Do you ever notice how some authors, for whatever reason, obsessively repeat the same plot? Edith Wharton loved having men fall in love with her wives' cousins. Carson McCullers can't stop writing about pre-teen girls isolated by the process of getting older. Eudora Welty, I guess, loves writing about older men who fall marry younger women. These infant brides are never as good as their husbands, and they come with a boatload of unsavory family members to boot. In the case of The Optimist's Daughter, the bride is a greedy harpy intent on snatching every bit of property she can away from her husband's family. Bonnie Dee Peacock, who marries the titular Daniel Ponder of The Ponder Heart is merely a pretty dullard, who has "not a whit of human curiosity," like an overgrown kewpie doll. The Optimist's Daughter mined this set-up for unexpected, lyric depth; The Ponder Heart is in full-on satirical mode.

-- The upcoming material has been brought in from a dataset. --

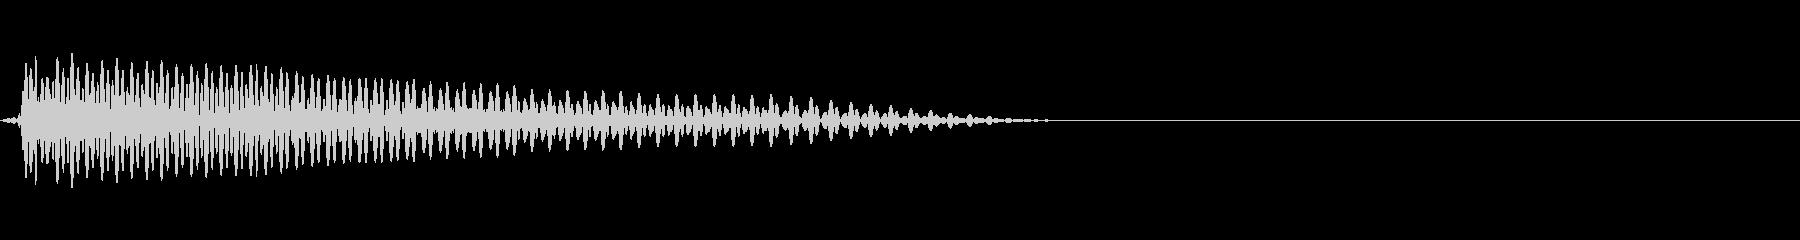 【ベース】ブゥーン!(低)の未再生の波形

And it's really funny. The story is narrated by Edna Earle Ponder, whose duties consist in keeping her Uncle Daniel in check. His childlike--not childish--need to be loved produces a runaway generosity, and Edna Earle has to keep him from giving away every single thing he and everybody else has. I decided that I loved this book as soon as I read about Uncle Daniel leaving Edna Earle on a Ferris Wheel so he could pass out ice cream to the dancing girls at the fair:
He'd belted me into the Ferris Wheel, then vanished, instead of climbing into the next car. And the first thing I made out from the middle of the air was Uncle Daniel's big round hat up on the platform of the Escapades side-show, right in the middle of those ostrich plumes. There he was--passing down the line of those girls doing their come-on dance out front, and handing them out ice cream cones, right while they were shaking their heels to the music, not in very good time. He'd got the cream from the Baptist ladies' tent--banana, and melting fast. And I couldn't get off the Ferris Wheel till I'd been around my nine times, no matter how often I told them who I was. When I finally got loose, I flew up to Uncle Daniel and he stood there and hardly knew me, licking away and beside himself with pride and joy. And his sixty cents was gone, too. Well, he would have followed the fair to Silver City when it left, if I'd turned around for good.
But Edna Earle can't stop Uncle Daniel from marrying Bonnie Dee Peacock (the names!), who does nothing of interest except when she runs away and when she comes home again. When Bonnie Dee dies of fright during a storm, Uncle Daniel is charged with her murder by her backwoods family. During the trial--a hilarious prototype of the kind of Southern courtroom scene that you see in To Kill a Mockingbird or Midnight in the Garden of Good and Evil or A Time to Kill or, obviously, My Cousin Vinny--the Peacocks talk over the lawyers, and get up for water every couple of minutes, and one of the boys spends the whole time playing the harmonica. It's great.
Welty has an ear for the particular music of Southern language and life like no author I've ever read; including McCullers and Flannery O'Connor. Maybe this book wouldn't strike the same chord with someone from another part of the country, but to me it was both hilariously strange and persuasively real. I put it 7th on my top ten list this past year, but looking back at it now, that seems ridiculously low.